Introduction: A previous review study showed the trends of declining age- and sex-adjusted incidence of hip fractures in almost all the countries, except Austria and Japan, in the most recent of the periods studied. However, the expansion of devices for diagnosis and drugs for fracture prevention in Japan was roughly the same as in the other countries. This study aimed to conduct a comprehensive systematic review and meta-analyses of incidence rates (IRs) of osteoporotic fractures reported over 30-years in multiple communities in Japan and to evaluate secular trends.
Materials And Methods: We searched MEDLINE for observational studies reporting IRs of osteoporotic fractures in the general population. Additional studies were identified by hand searches of reference lists of published studies. Two reviewers and 1 expert independently assessed study eligibility.
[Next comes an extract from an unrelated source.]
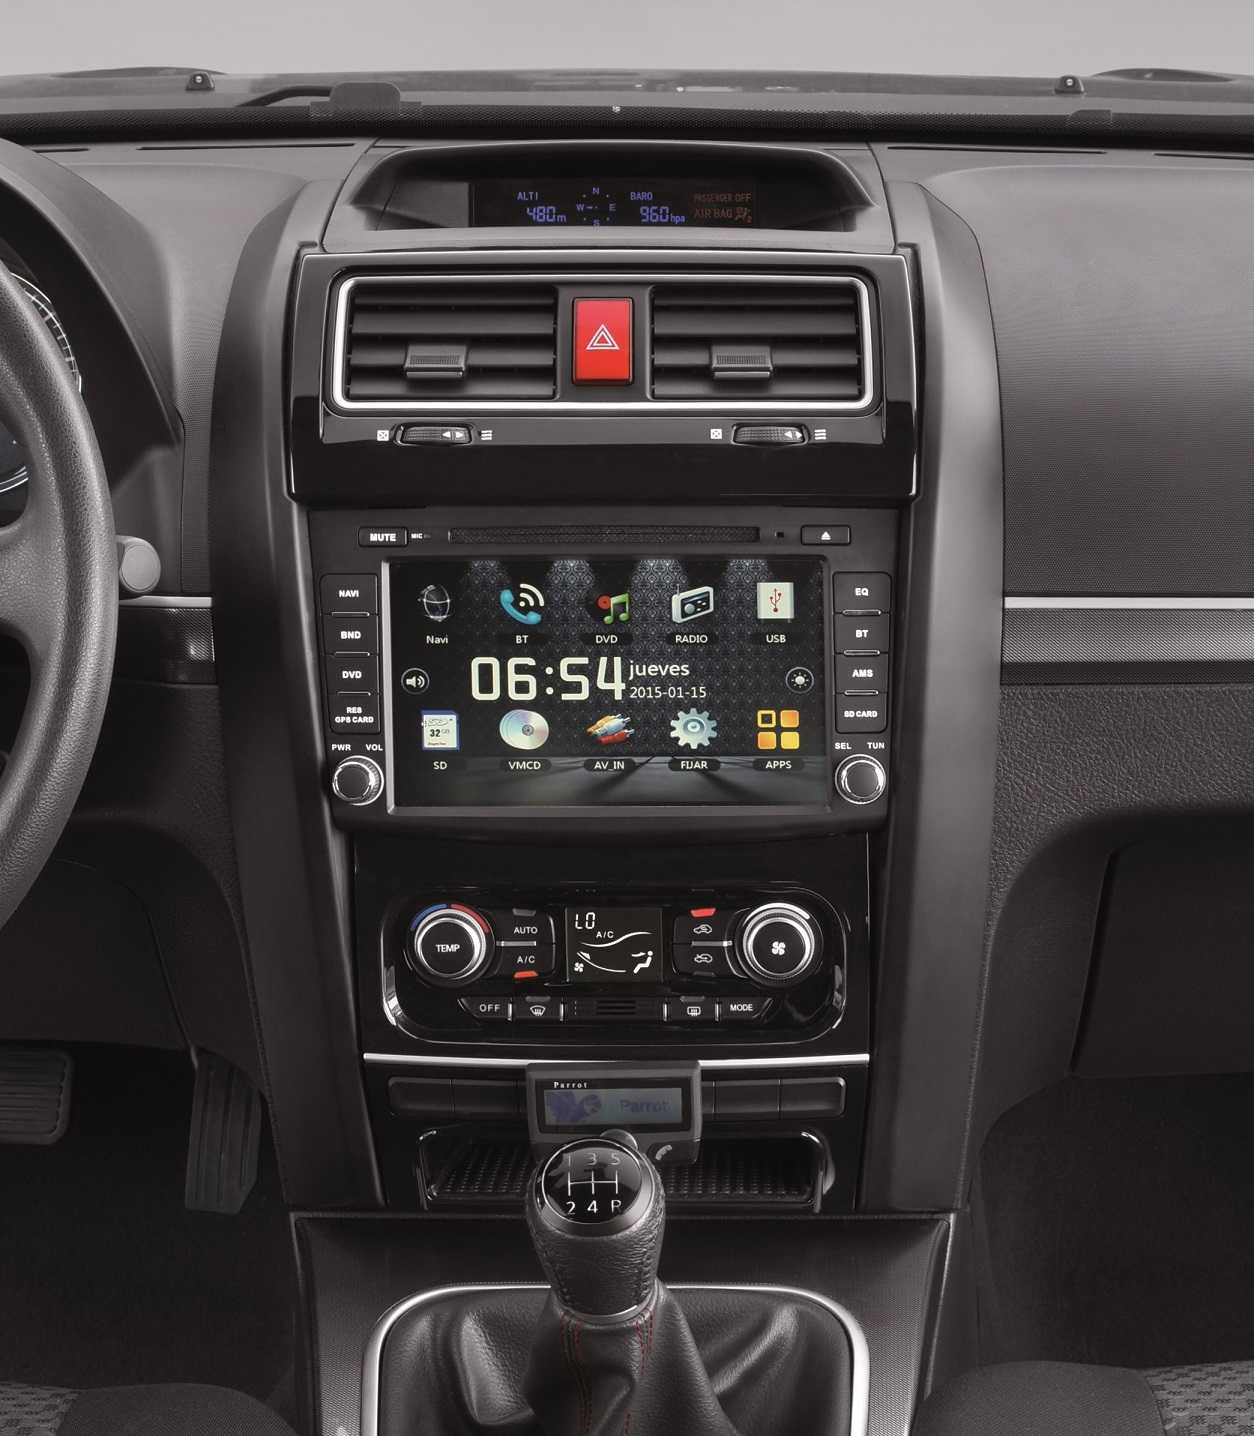 RADIO CONNECT H3 - 2

Pooled analyses of IRs were conducted by a random-effect model. Data from 3 periods (1985-1999, 2000-2009, and from 2010) were compared.
Results: Of 47 eligible studies, 21 with IRs or information enabling recalculation of IRs in the population aged 50 years and older were included. IRs of hip fractures per 100,000 person-years significantly increased over time in men: 1985-1999, 0.79 (95% CI 0.71-0.87); 2000-2009, 1.18 (95% CI 1.09-1.28); and 2010 onwards, 1.31 (95% CI 1.17-1.45). They also significantly increased in women: 2.23 (95% CI 1.89-2.58); 3.99 (95% CI 3.70-4.28); and 4.39 (95% CI 4.00-4.78), respectively.
Conclusion: IRs of hip fractures continuously increased in the past 30-years in men and women despite improved the diagnosis, treatment, and care. Such data from Japan, a leading aging society, provide important information for other countries.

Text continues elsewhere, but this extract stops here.